The Renaissance Faire Turned My Kids Into Cosplayers

Clothing and Cosplay DIY GeekMom Travel
King Richard’s Faire, Image: Nicole Wakelin

The first time I took the kids to King Richard’s Faire in Carver, Massachusetts, they were completely overwhelmed. It may have had something to do with the first cosplayer they saw being a huge guy covered in animal pelts with a giant horned hat on his head. He even scared me. We waited a few years, took them back, and this time they had so much fun that they are already making plans for next year.

I tried getting them to dress-up before we left, but they thought I was crazy. At eight and ten they were convinced that wearing a costume would make them stand out rather than fit in with the crowd. Once we arrived, that idea lasted about thirty seconds. As the first performers began speaking to a very costumed audience outside the gates, my girls had a change of heart and wanted costumes more than life itself.

If you’ve been to a Renaissance Faire then you know that most of the costumes inside the fairgrounds are on the pricey side, especially for a child who will likely outgrow everything in a matter of months. Add to this the fact that I am not ready to turn my daughters into buxom wenches with corsets and you’ve got a parental dilemma.

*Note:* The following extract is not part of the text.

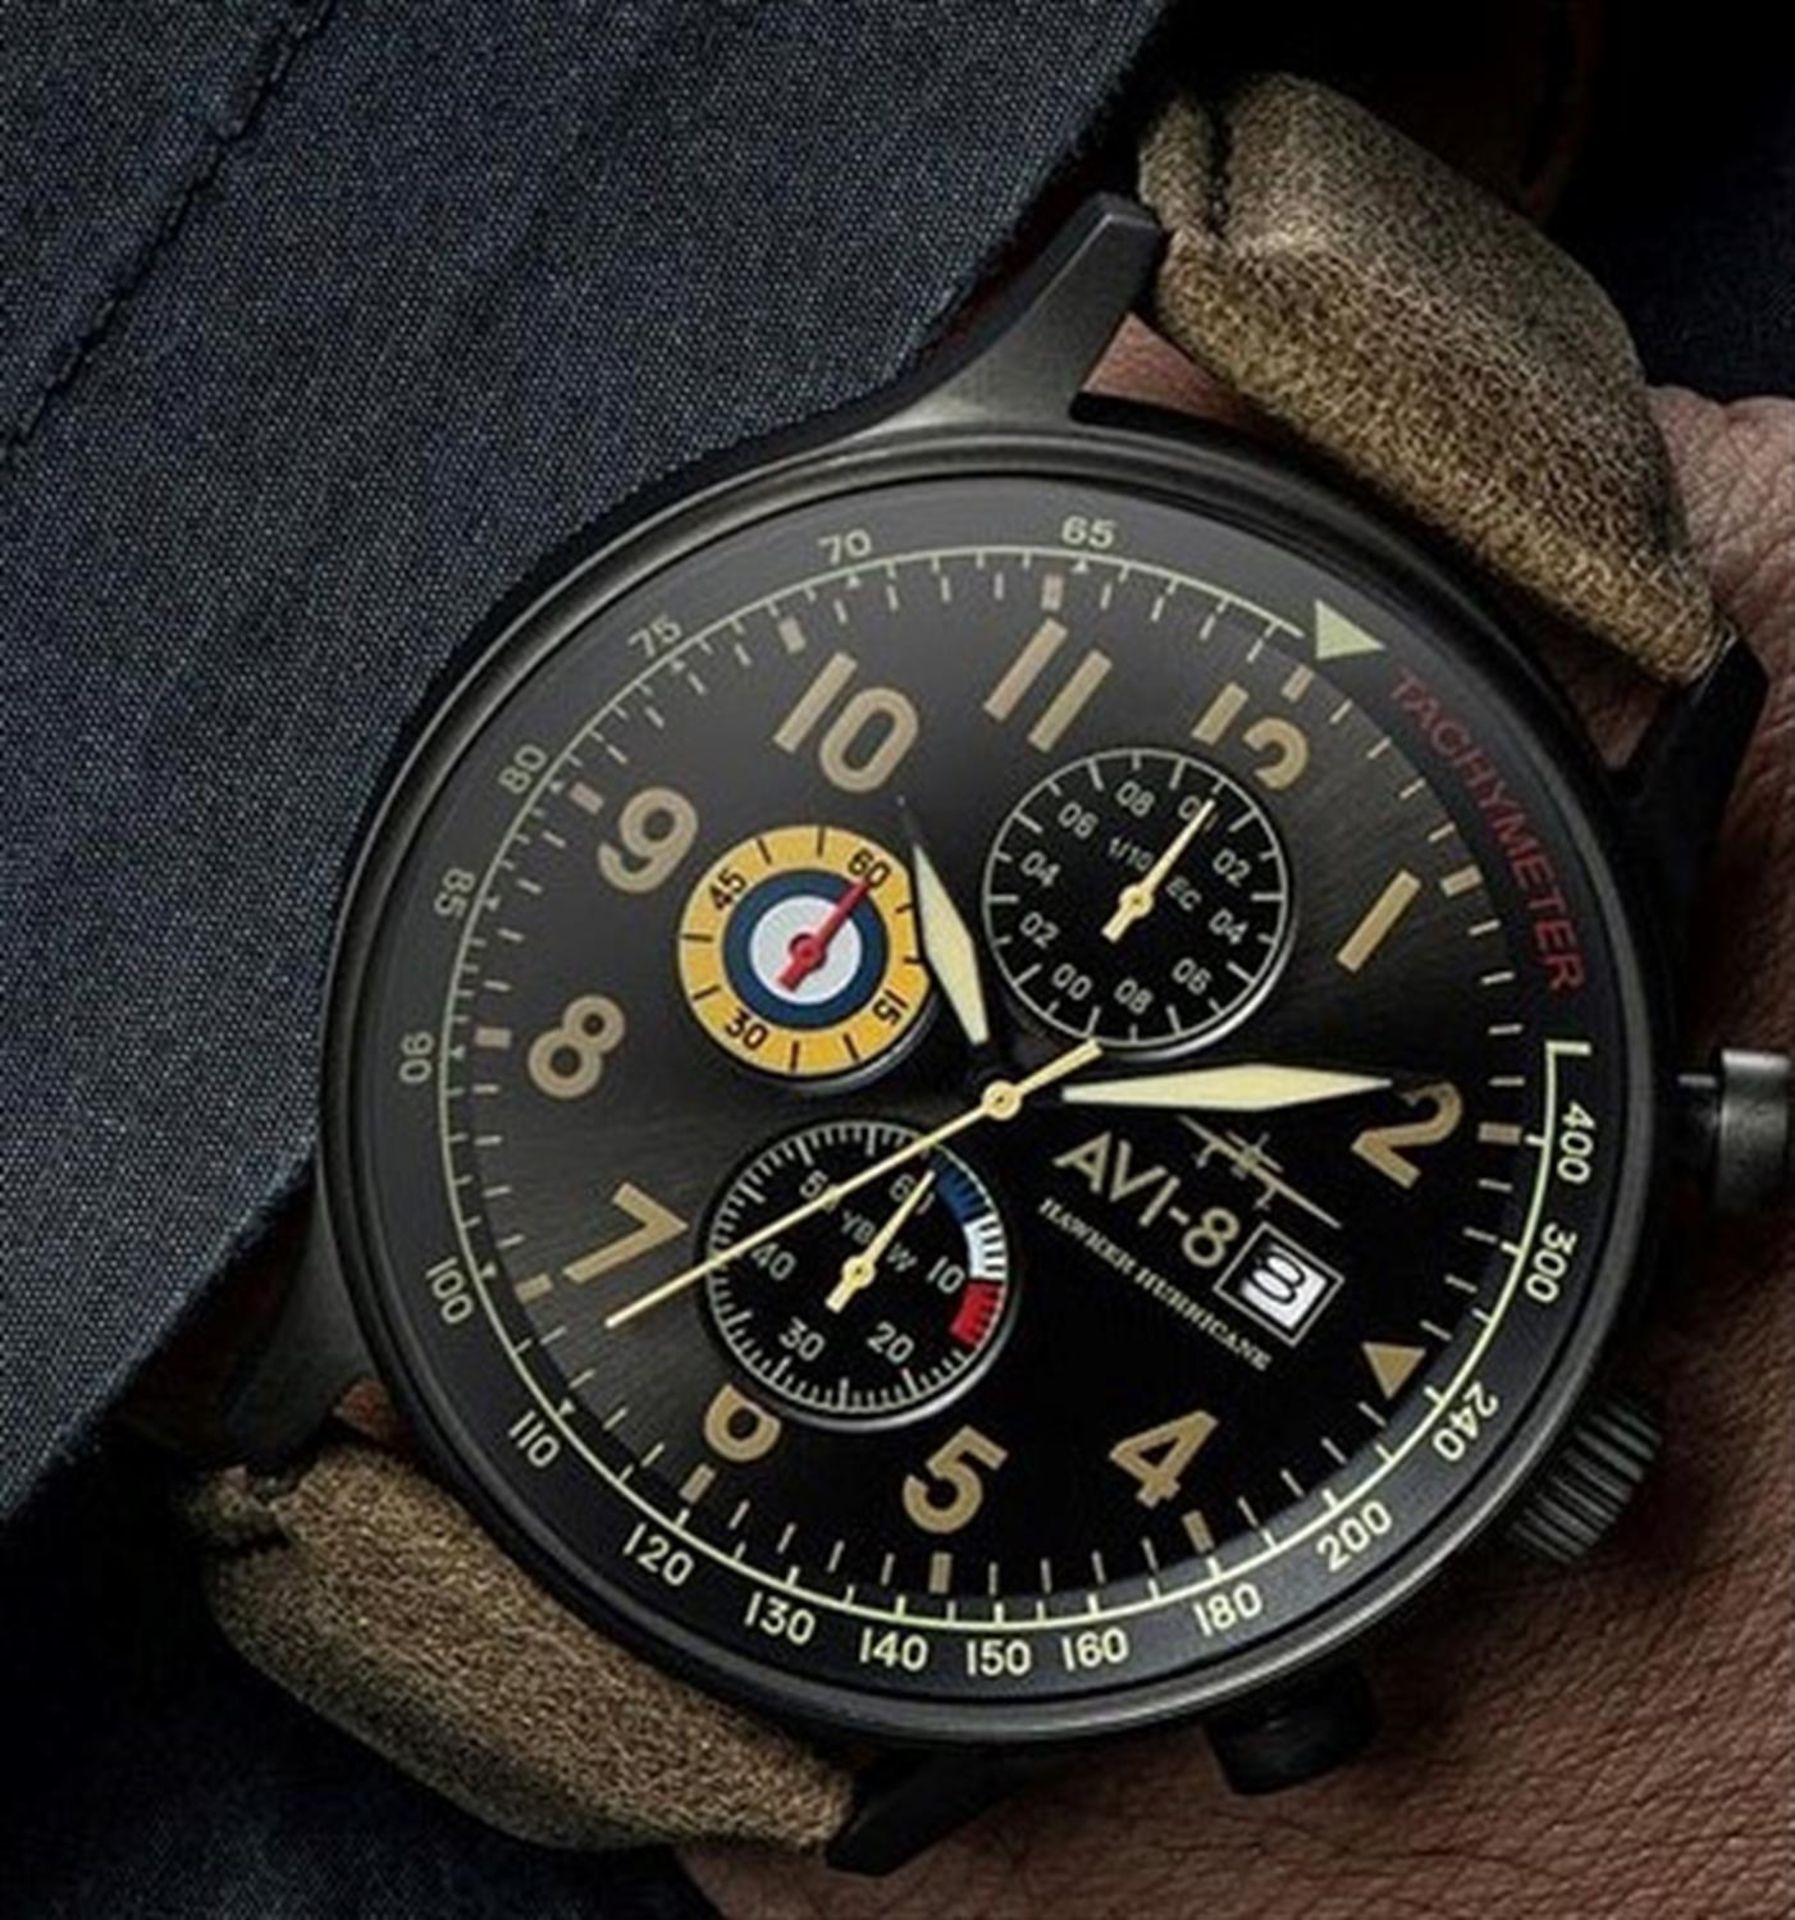 Classic Chronograph, an Homage to the Hawker Hurricane - Image 3 of 4

Royalty, Image: King Richard’s Faire

I could see by the looks on their faces that this wasn’t just something they thought would be neat now and would forget about in a week. They really wanted to cosplay. We wandered through a few shops and each child gravitated to her own style. I had a ten-year-old wanting a fluffy skirt and a corset and an eight-year-old wanting a hooded cloak.

One thing you can expect at a Ren Faire is a huge variety of incredibly well-crafted clothes. Things are expensive because they’re often handmade and not mass produced. These are truly craftsmen who take great pride in their work, and rightly should because the clothing is beautiful. But, again, the price becomes an obstacle.

If you’re an adult, you are buying pieces you know will last for many years and that will be used again and again. Not so with kids. In between the jousts and games, dancing and eating, my kids learned how to make choices, adhere to a budget, and the fun of building a costume one piece at a time.

The Fairgrounds, Image: King Richard’s Faire

First, we set some guidelines. I gave them a dollar amount and told them that if they wanted to spend more, then they would have to use some of the allowance money tucked away in their piggy banks back home. I also set the expectation that, no matter how much they loved an outfit, final say would come down to me and Dad.

It’s not that I didn’t want them to get creative and make their own choices, but as I mentioned before, I am not ready for buxom wenches and the kids are just young enough to not realize what might be inappropriate. As we wandered in and out of shops, they gradually narrowed down their choices.

It was all finally decided at a shop called Threads of Time where they found pieces made for adults that still worked for kids. The employees were wonderful in helping guide the kids and me toward choices that would work. The youngest got a beautiful hooded cowl. Right now, the hood covers her whole head and it comes down past her elbows. Once she grows, it’ll be shorter but will still fit and easily be a part of another costume.

Our Helpful Seamstress, Image: Nicole Wakelin

The oldest, Miss I Want A Corset, ended up with an outfit that filled the fluffy skirt requirement without turning her into a wench. She got a peasant styled blouse and gathered skirt. Both are roomy and the skirt is long, but as she grows they will still fit and can become the base for new costume ideas.

The kids are thrilled with their outfits and so am I. The youngest is in the living room right now, curled up on the couch wearing her cowl with the hood pulled low as she plays video games with her sister. Stealthy gamer is stealthy. Although they didn’t get complete outfits with every piece they wanted, they learned something.

They learned to make decisions about what they really wanted, to stay in budget, and that part of the fun of cosplaying isn’t getting all the pieces at once. They’re excited at the idea of adding a little bit each year and maybe of finding things in completely unexpected places that will add to their costumes.

In the end, we had a wonderful day at King Richard’s Faire full of great family memories. My kids also learned that building the perfect cosplay outfit is a process that happens over time, building even more memories along the way.

I received complimentary admission to the faire for purposes of this article.